大阪からバスで3時間半かけて米子市へ。百貨店を見た瞬間、北村氏は「そりゃつぶれかけるわ」と実感したという。

北村「とにかくすてきじゃなかったんですよ。心が躍る空間ではなかった。百貨店ってハレの場であるはずなのに、気持ちが全く晴れない。

オーナーとお会いした時、印象をありのまま正直に伝えました。そしたら先方が『出店だけじゃなくて、ワンフロアまるまるリニューアルしてくれ』って言い出したんです。これには驚きました。でも、百貨店のワンフロアをプロデュースするなんて、そんな機会はなかなかない。しかも相手の本気度がものすごく伝わってきました。『よろしくお願いします』とその場で決断しましたね」

用意された予算は修繕費込みで“たったの1億円”

断りに行ったはずが、むしろ大仕事となって戻ってきたJU米子髙島屋のプロジェクト。課題は山積みだったが、北村氏は“地方のポテンシャル”は感じていたという。

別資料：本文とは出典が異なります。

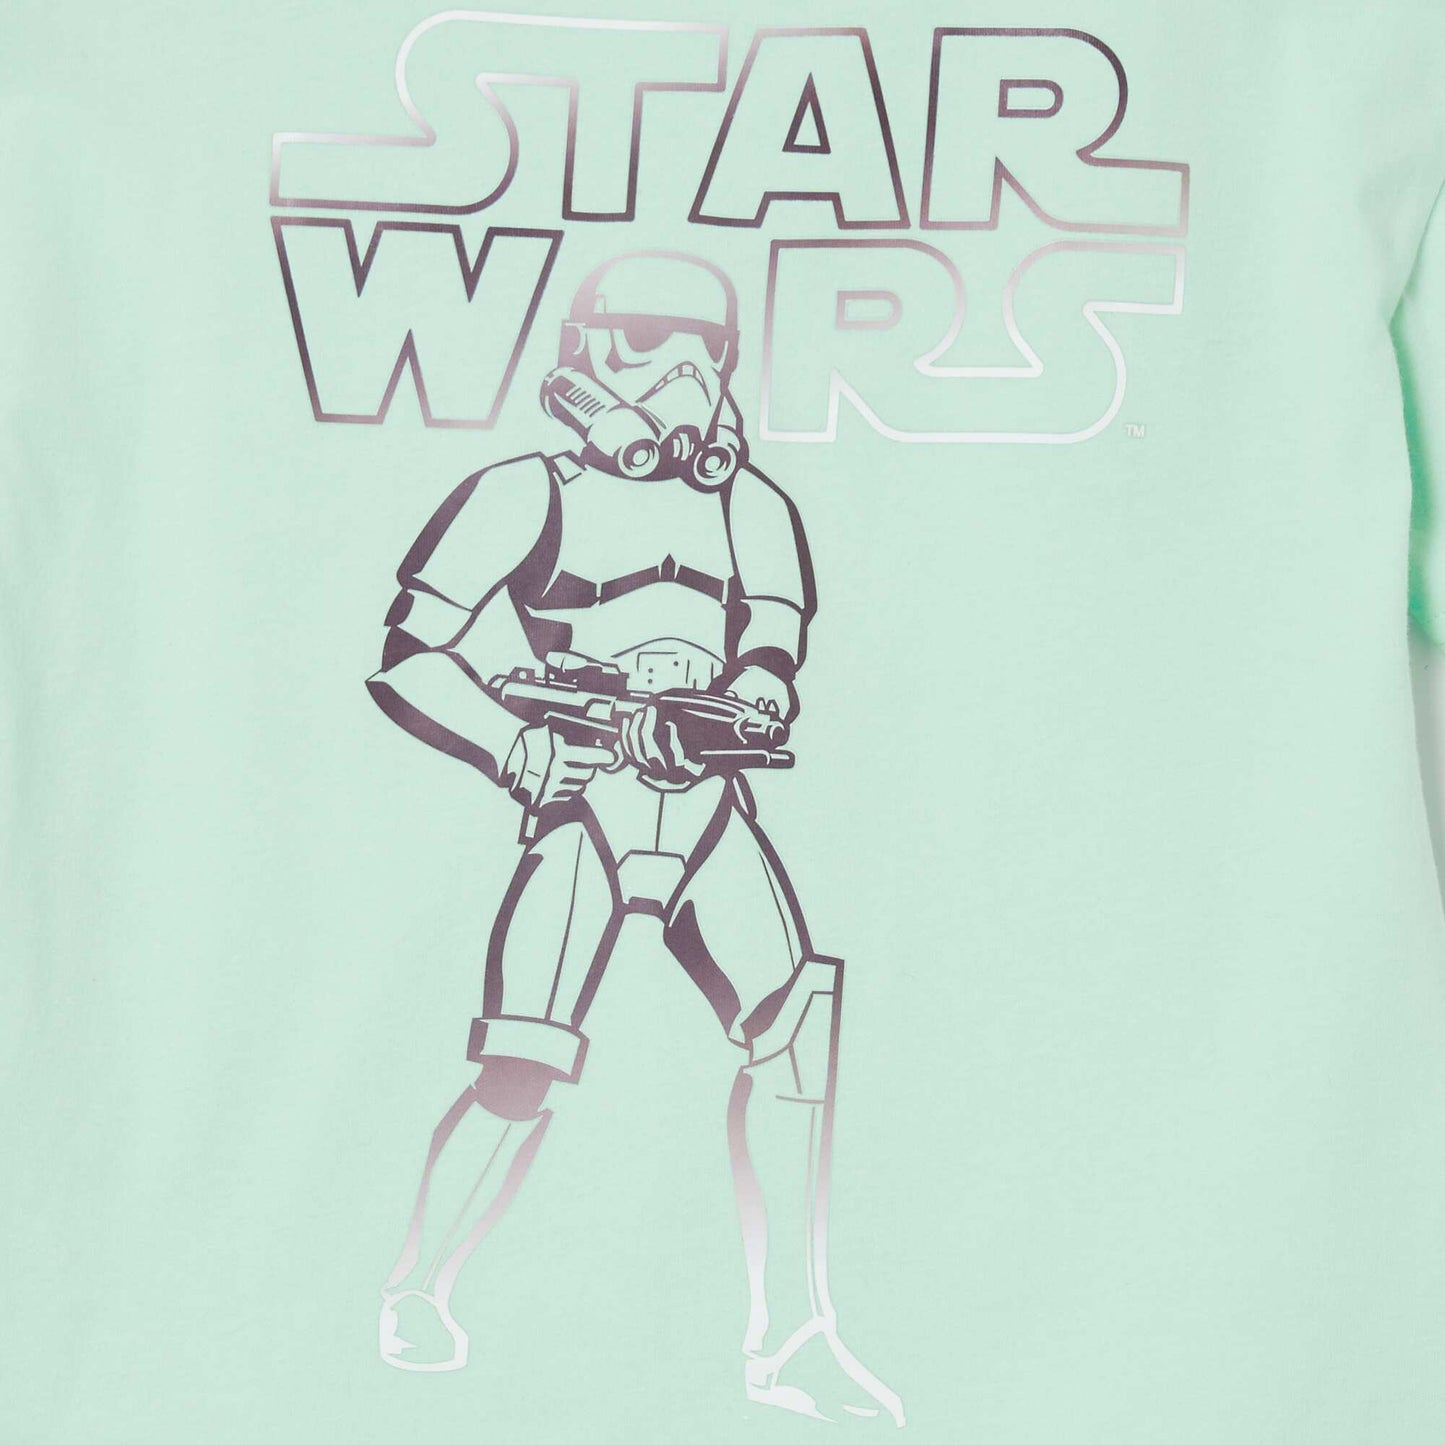 Star Wars loose-fit T-shirt GREEN

リビングハウスでは過去に地方の創生を成功させた実績があった。福岡の郊外にある遊休地の倉庫をプロデュースし、1円も生み出していなかった倉庫を、売り上げ1億円ほどの店舗に変えることに成功していたのだ。とはいえ、米子は福岡に比べると圧倒的にアクセスが悪く、課題は山積み。リニューアルはどう進めていったのか。